Всё это происходило быстро, на какой-то неестественной, не виданной скорости.
Мгновение! И вот люди уже слышат такой родной, такой драгоценный шум реки. Живет, плещется вода чистая. Вновь бежит, торопится река. Не остановить её, не удержать.
Люди не успевали следить за изменениями этими быстрыми. На одно залюбуются, а рядом уже мухоловка-пеструшка заливается. Птицей заслушаются, да пышное цветение боярышника пропустят.
Когда преобразилось всё вокруг. Когда всё стало так, как и должно было быть, вперёд вышел староста.
Он выглядел растерянным, взъерошенным, пару раз пытался слово из себя выжать, да только руки и разводил в разные стороны, а потом, руки эти, безвольно вниз падали, ударяя старосту по ногам. Так и стоял, да пыжился.
На помощь ему дед столетний вышел, самый старый в деревне.
— Понимаем смятение твоё, понимаем. Мы тоже такое не видывали. Бог даст, никогда больше и не увидим. Но все! Все кто свидетелем сего Чуда стал, запомнить это должен. Должен жить в памяти людской сказ про Туман! Сказ про Чемира.
— Че-мир! — по слогам вторил ему староста. — друг мира, значит. Не зря ведать человеку имя даётся, не зря. Но то живое, человеческой имя.
Староста замер на мгновение и лицо его озарилось.
— Прав ты, дед. Должен жить в памяти людской сказ про Туман! Сказ про спасителя нашего.

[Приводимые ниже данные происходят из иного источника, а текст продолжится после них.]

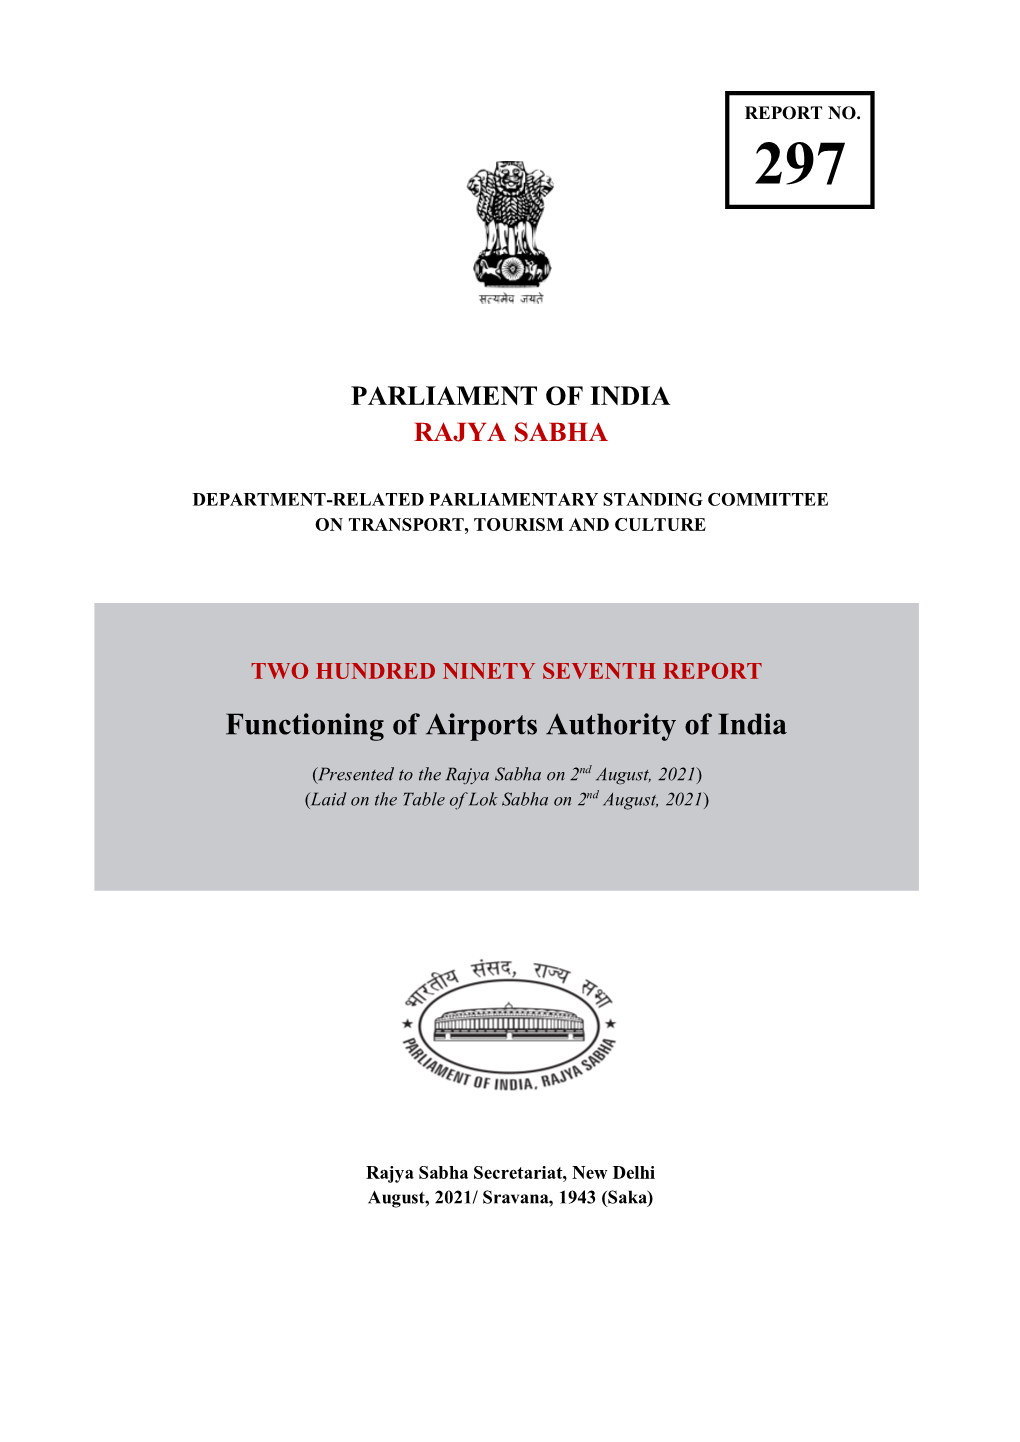 Committee Report: Functioning of Airports Authority of India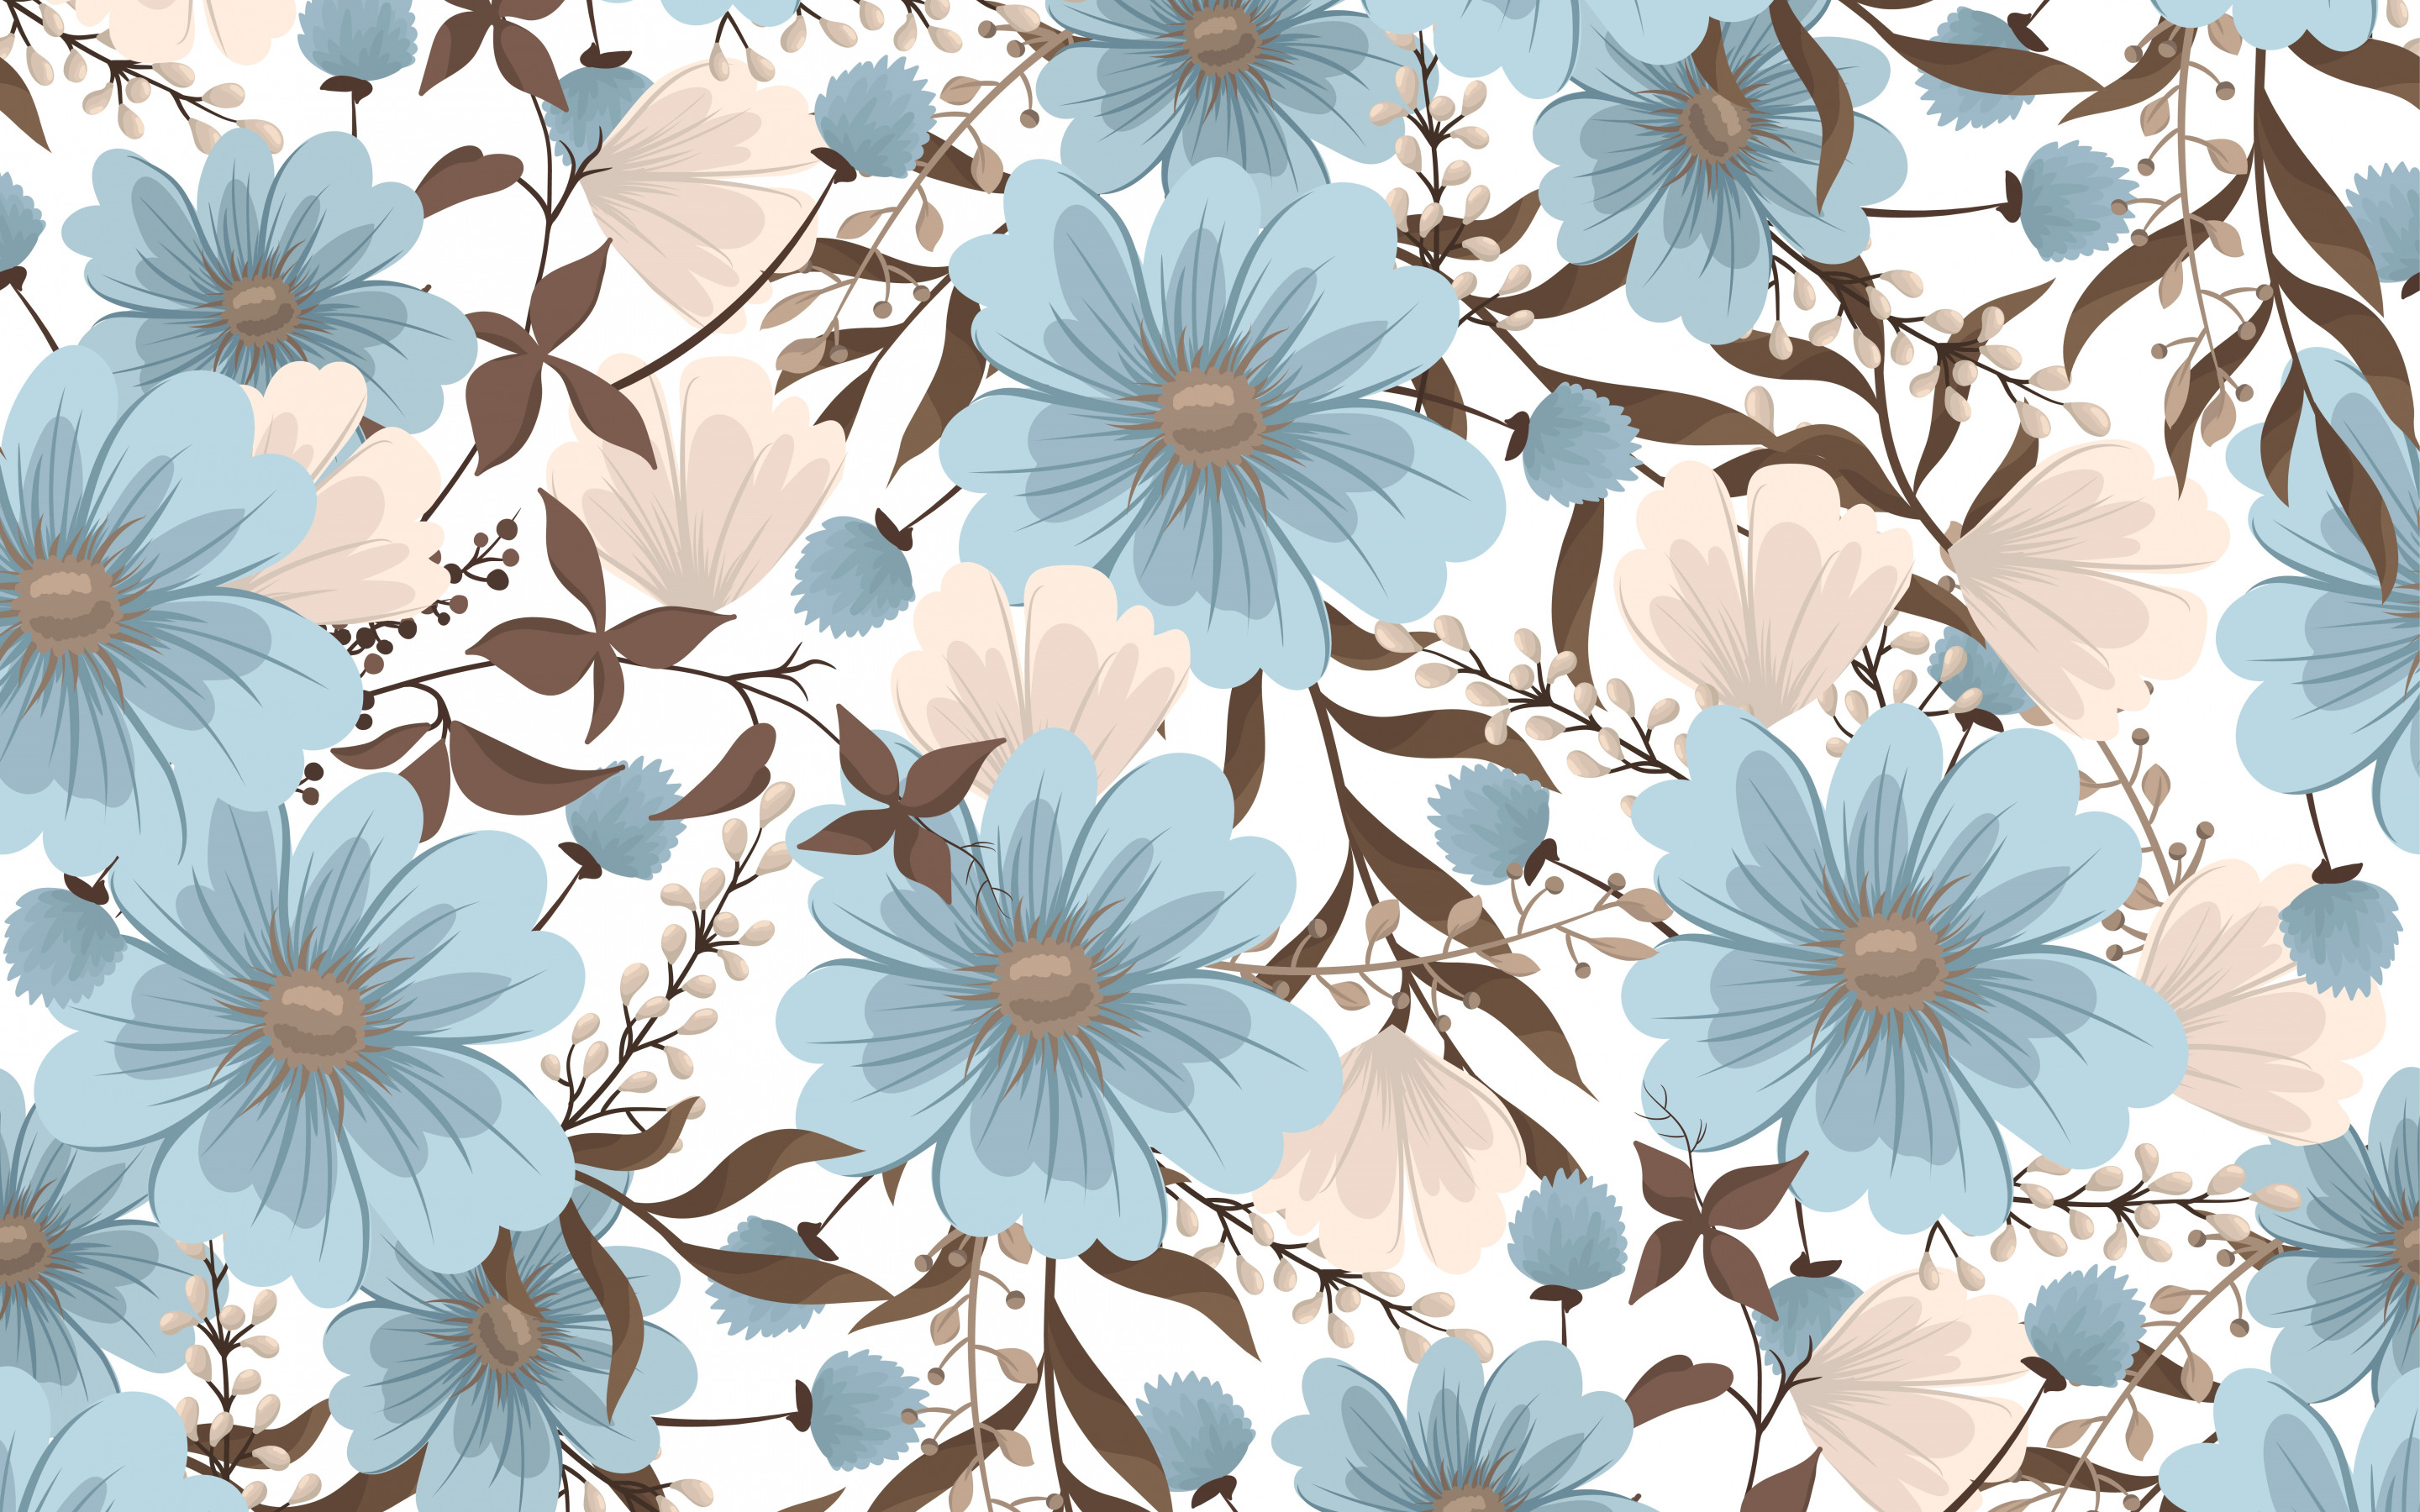 Download wallpaper retro flowers texture, blue brown flowers texture, retro floral background, texture with flowers, retro background for desktop with resolution 2880x1800. High Quality HD picture wallpaper

Но не Чемиром, отныне звать его будем. Чомор — он теперь. Чомор — тот, кого принял Туман!
Так и идут теперь по лесу вместе Чомор и Туман. Хранители леса, Хранители древней мудрости и Силы. Не раз в году лечат и восстанавливают все живое. Каждый день трудятся, каждую минуту на чеку.
Спроси любого человека, всякий хоть раз, но видел дела Чомора.
То там, то здесь Туман появляется. Стороной его обходят, не тревожат.
Лес-это дом мой.
Подобно тому, как дом свой обегаю от грязи внешней и внутренней,
так и обещаю, лес оберегать и сохранять.
Лишнего не возьму,
Забавы ради не убью,
Не разорю и не сломаю.
Серебро не убиваю.
Макар замолчал. Внимательно на Беловука посмотрел.
— Таков сказ про Чомора, Волчонок. Туман-это Сила его. Во мне тоже есть Сила, есть Туман. Врачевать и помогать могу всему живому. Получается, Чомор не такая уж и выдумка. Получается, не все сказки ложь.